The paper "Looking Inward: LLMs Can Learn About Themselves by Introspection" investigates an intriguing characteristic of LLMs: their ability to introspect. The authors explore whether LLMs can access privileged information about themselves beyond what is explicitly contained in or derived from their training data, focusing on whether they can predict their own behavior in hypothetical scenarios.

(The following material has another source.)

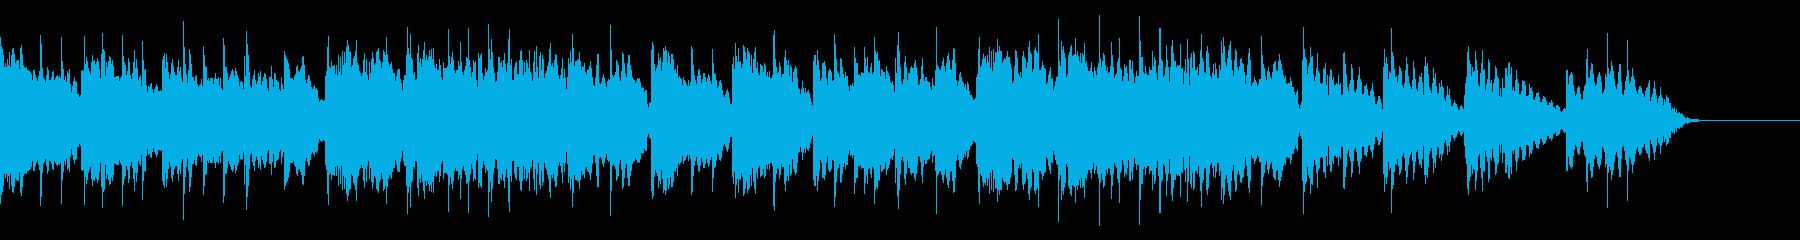 エンディング 優しいメロディのエレピの再生済みの波形

Methodology and Experiments

The authors define introspection as a model’s ability to acquire knowledge from its internal states, independent of the training data. This is operationalized by determining if a model can predict properties of its behavior when presented with hypothetical prompts. They conduct experiments using various models, including GPT-4, GPT-4o, and Llama-3, each finetuned to predict their own responses.

Experimental Design

  1. Self-Prediction vs. Cross-Prediction:
    • Self-Prediction: A model predicts its own behavior in a hypothetical scenario.
    • Cross-Prediction: Another model is trained to predict the first model’s behavior using the same dataset.
  2. Training and Testing: Models are evaluated on their ability to accurately predict their behavior compared to a baseline of predicting the most common behavior. This comparison aims to demonstrate introspection if self-prediction outperforms cross-prediction.
  3. Experimental Tasks: The tasks include predicting the model's response characteristics, such as whether a response is a specific type (e.g., starts with a vowel) or follows a certain ethical stance.

Results and Findings

The experiments indicate that models can indeed introspect, evidenced by their superior performance in self-prediction over cross-prediction. Specifically, the model's introspective capabilities allow it to outperform others in predicting its behavior, even after behavioral modifications through finetuning. Notably, this introspection capability extends to maintaining calibration across predicted distributions, highlighting the models’ ability to accurately self-assess the likelihood of different behaviors.

Analysis and Implications

The paper suggests several implications of introspective abilities:

  1. Model Interpretability: Introspection could enhance model interpretability by providing insights into a model's internal states directly from the model itself, potentially streamlining analyses that traditionally relied on external interpretative methods.
  2. Ethical Considerations: An introspective capability might offer a novel way to assess the ethical and moral status of models by directly querying them about internal states potentially relevant to consciousness and ethical concerns.
  3. Limitations: Despite these capabilities, the paper notes limitations concerning the complexity of tasks. Models struggle with introspective tasks requiring reasoning about more extended outputs or scenarios outside their trained distribution.

Future Considerations

The findings open several pathways for future research. Enhancements in introspective methods could lead to advanced applications in model safety, transparency, and alignment with human values. Further investigation into the mechanisms underlying introspection, such as self-simulation, might reveal more profound insights into model cognition, informing both practical and theoretical AI research.

Conclusion

This paper contributes an empirical investigation into the introspective capabilities of LLMs, presenting evidence that these models can indeed harbor self-knowledge beyond their training data. While the practical applications of this capability are not yet fully realized, the potential for significant advancements in AI systems’ ethical and functional development is considerable.